Looking at Gus' PR here: https://github.com/volatilityfoundation/volatility3/pull/1283/files#diff-e5a8a9af6057f1e6e2579f04f7ec5567f6fc9f7e32f74175332b280237964336R73

We also know the type of what those will be, but again the symbol table without the symbol types makes it where he has to put in an ugly hack. The same flow of his code (check symbol table for type, fall back to plugin specified one) needs to be generalized for plugins to access. So we just need to design a change so the a fallback type can be specified by plugins in the call.

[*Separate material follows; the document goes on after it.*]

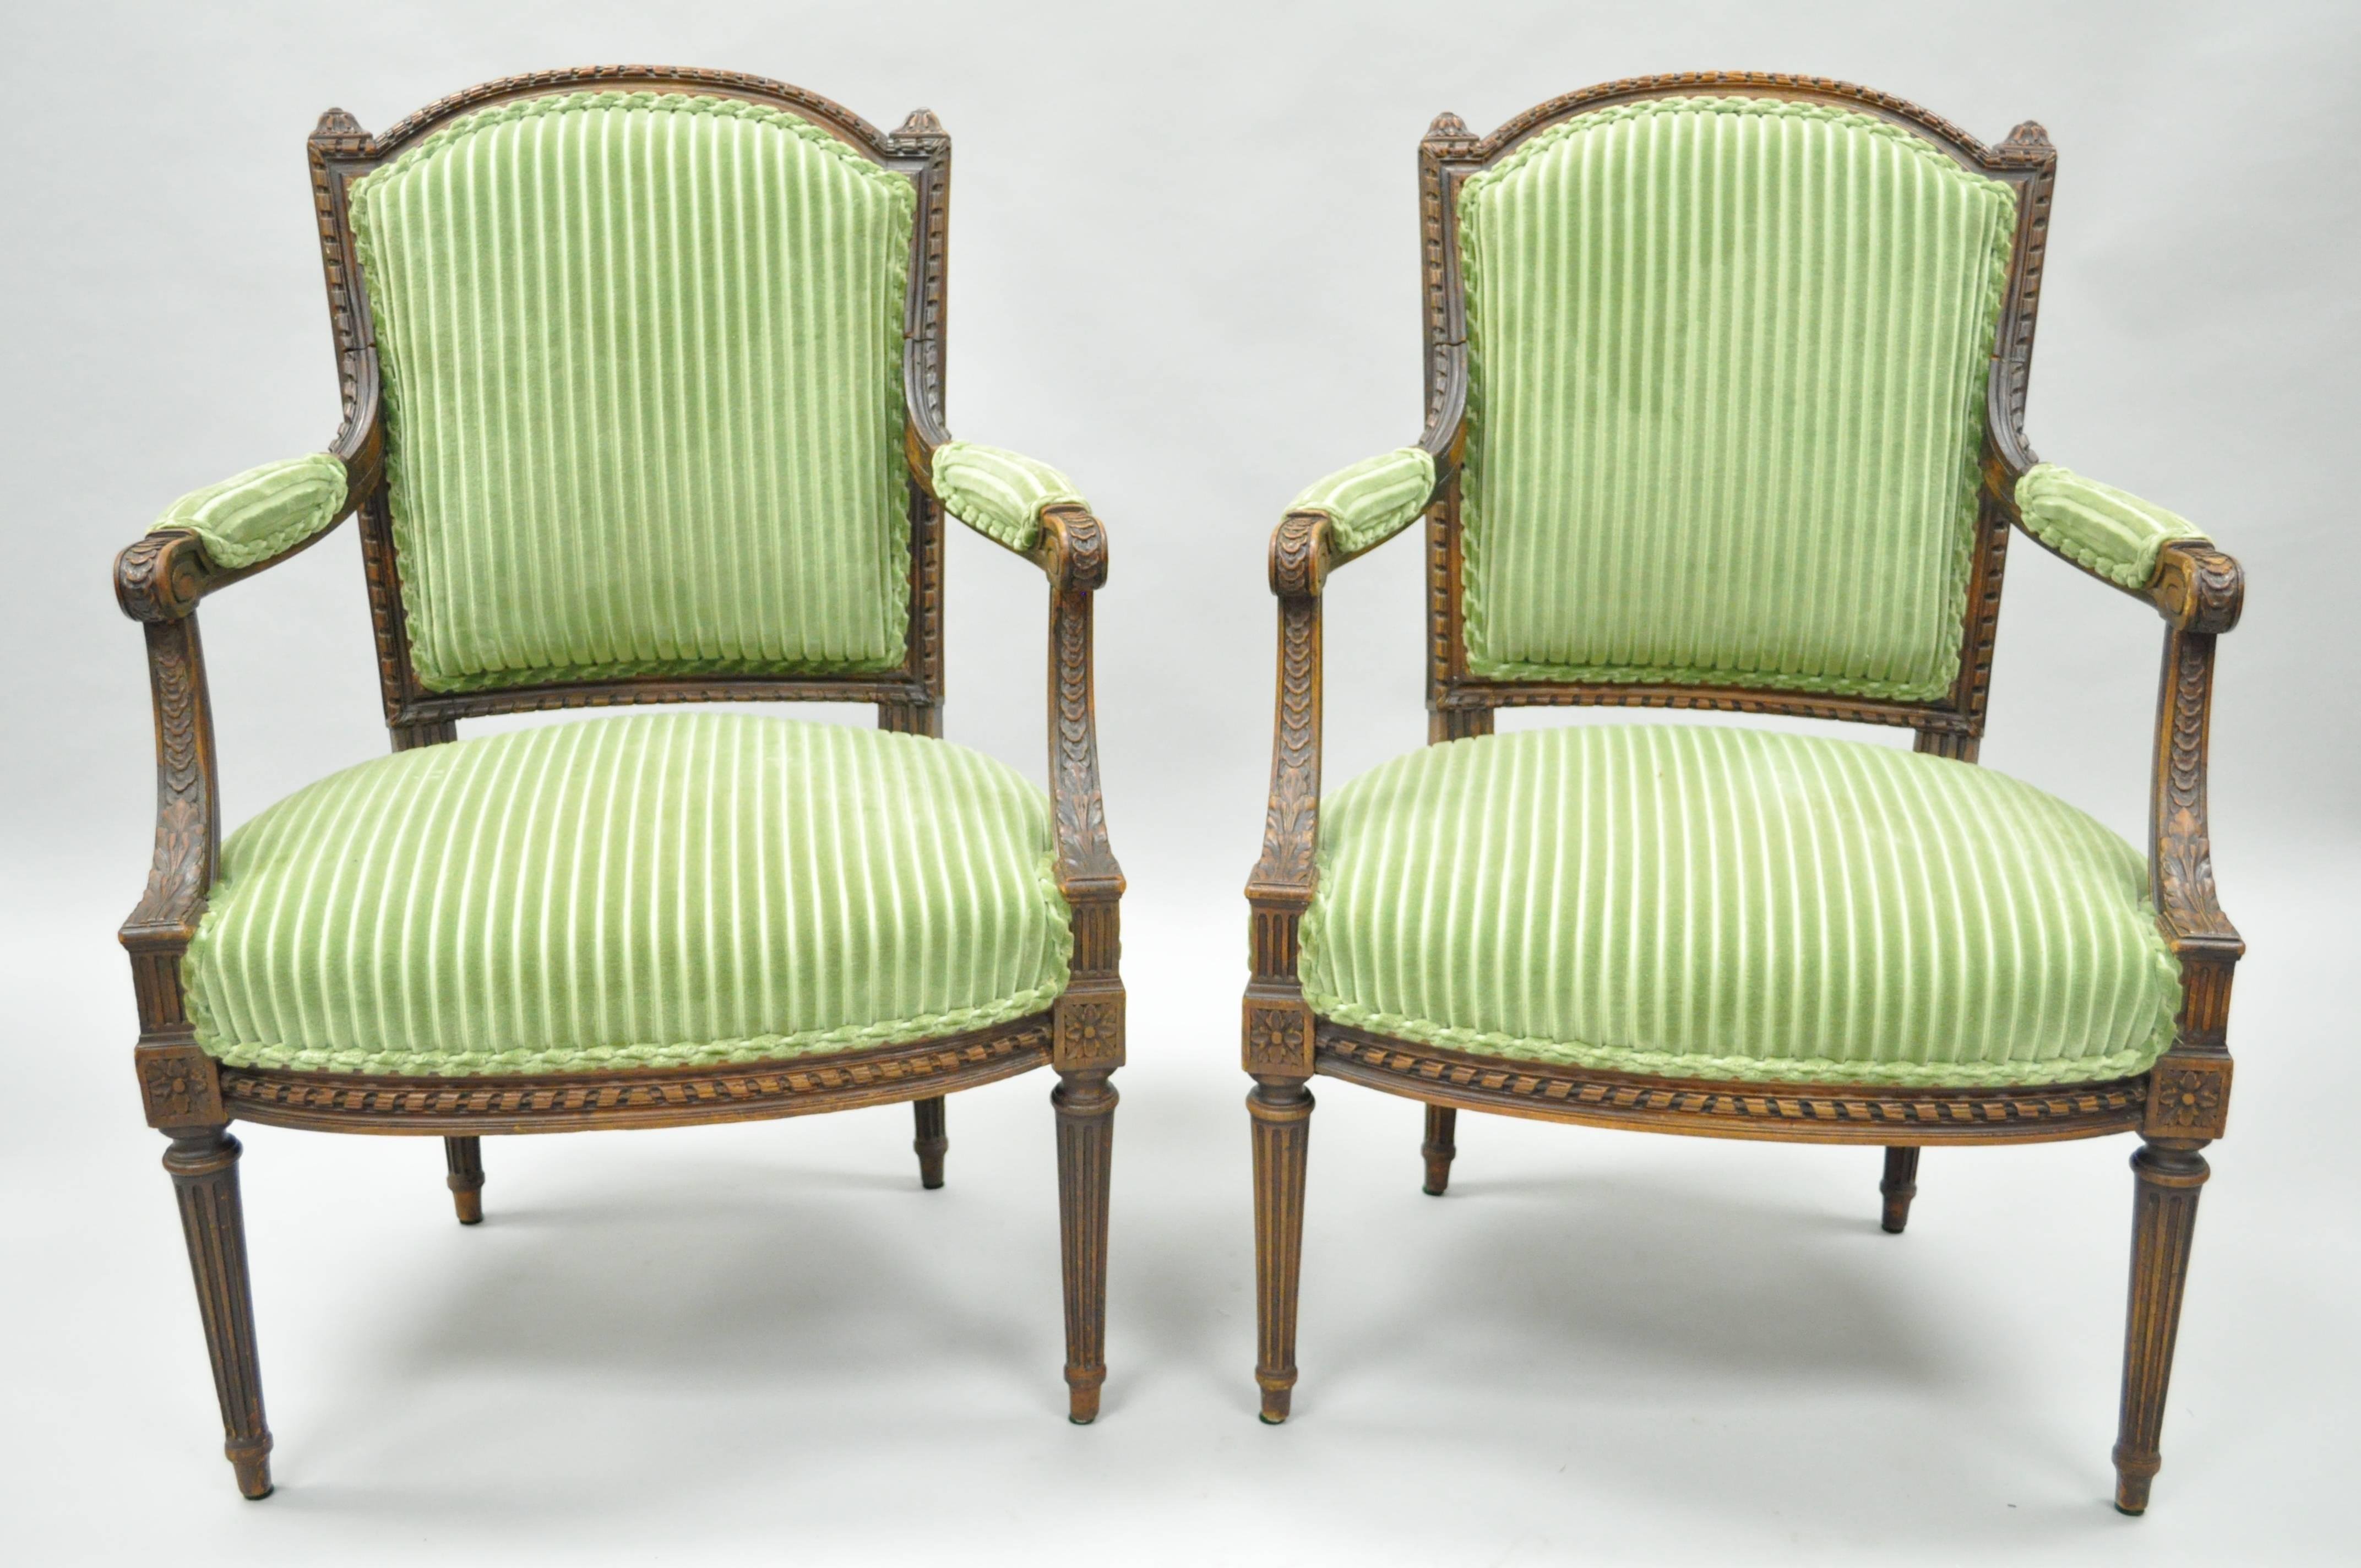 Remarkable pair of early 20th century French Louix XVI/Directoire style carved walnut armchairs. Chairs feature finely carved solid walnut wood frames, reeded and tapered legs, green upholstered frames, padded armrests and elegant French form.

  1. grepping across the code base for instances of this, there are 26 calls to object_from_symbol in Linux code and off the top of my head (without having to check kernel source) I know that at least 10 of them are like init_task where the type has never changed in kernels, and again we are losing the plugin working from not specifying the type to fallback to.

@Abyss-W4tcher
Copy link
Contributor

Abyss-W4tcher commented Oct 4, 2024

Hi, would it be possible to acquire those "custom" made symbols tables, to investigate if a solution to directly patch the ISF before feeding it to volatility3 can be possible ? Also, were they made based on a module.ko + System.map, or with a custom tool that translates a vol2 profile in a vol3 ISF ?

Thanks

edit : As I suppose that the "broken" ISF still contains the task_struct definition, making an external tool patching init_task type (and other needed symbols) directly in the ISF might be a solution to consider.

Someone only possessing a Vol2 profile as a last resort (kernel source is gone), will necessarily need to convert it to Vol3 with some custom dwarf2json anyway, as the Linux banner will need to be manually specified too ?

@atcuno
Copy link
Contributor Author

atcuno commented Oct 4, 2024

Yes, the symbol tables have the definition of the type, but the symbol's type is missing - see init_task as void in original ticket header as it illustrates the problem. For almost all of these - init_task, the ones I linked to in Gus' PR, and quite a few others, we know the type with 100% certainty as it has never changed since the beginning of the kernels we support (year 2008) - so by encoding a fall back type, we bring these plugins and APIs back to life even with the limited symbol tables. I also don't consider them wild or "custom" symbol tables since the main producer

If that is truly uncomfortable for people, we can vollog.warning (always forced to output) when a type is being fell back to, but in reality it is not something that is going to cause problems.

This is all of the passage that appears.